Bandidos Films
- Industry: Entertainment
- Headquarters: Mexico City
- Products: Motion Pictures

= Bandidos Films =

Bandidos Films is a Mexican film production house associated with AMPI (Mexican Association of Independent Producers).

==Productions==
Bandidos Films has been mainly characterized by its films about the government's alleged tyranny and poverty in Mexico, beginning in 1999 with "Herod's Law" and continuing into 2014 with "The Perfect Dictatorship", all starring Damián Alcázar. These films are not directly connected, but satirize and deal with similar issues and share several common themes.
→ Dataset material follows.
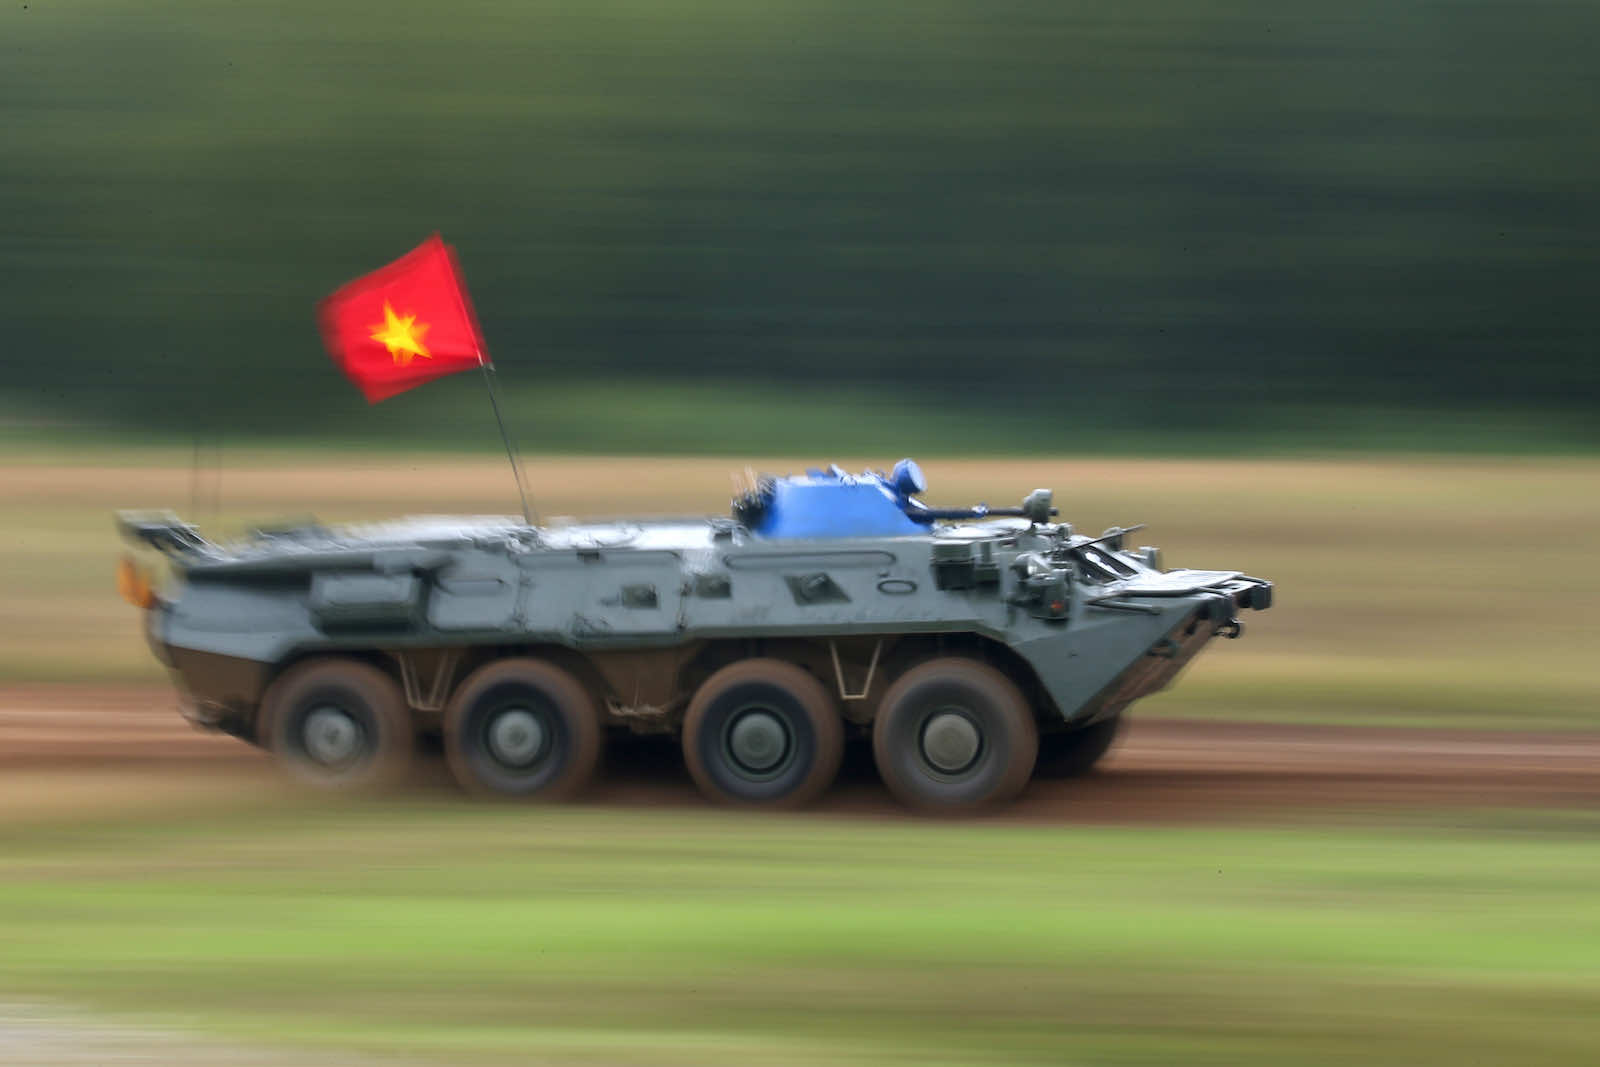 Vietnam's RKhM-4 NBC reconnaissance vehicle at the 2020 International Army Games, at Pesochnoye, Russia (Vladimir Smirnov\TASS via Getty Images)

- In August 1991, the film Bandidos, a co-production with Estudios Churubusco Azteca SA, premieres. The film stars Edward Toussaint and Jorge Poza.
- In 1994, the producer returns with his movie Ámbar, starring Jorge Russek as Corbett. The film is about a journey that goes beyond the certainties of reality to reveal an astonishing world ruled only by imagination.
- In 1998 the film Night Lights (film) premieres.
- In 1999, the film Herod's Law is released. The film causes controversy, containing black humor about politics and poverty in the country. Starring Damián Alcázar, Pedro Armendáriz, Jr. and Salvador Sánchez.
- In 2006 a spiritual successor is released, titled A Wonderful World, also starring Damián Alcázar. The film is a critique of the socioeconomic and political state of the country under the neoliberal regime of Vicente Fox, then President of Mexico.
- The most controversial film by the company is released in 2010 (coinciding with the 200th anniversary of the beginning of the Mexican war of independence): Hell. A film by Luis Estrada and starring Damián Alcázar, Joaquín Cosío and Ernesto Gómez Cruz. The film begins with Benny (Damián Alcázar) being deported from the United States; now penniless and jobless, he returns to his hometown and meets his old friend Cochiloco (Joaquín Cosío), who introduces him to the world of illegal drug trafficking.
- In October 2014, the company releases the film The Perfect Dictatorship, a satire of the country's political situation under Mexican President Enrique Peña Nieto, dealing with such issues as the government's relationship with the national media companies. The title is taken from a quote from Peruvian writer Mario Vargas Llosa, who called the period of one-party rule by the Institutional Revolutionary Party (of which Peña Nieto is a member), which lasted from 1929 to 2000, "the perfect dictatorship" ("la dictadura perfecta").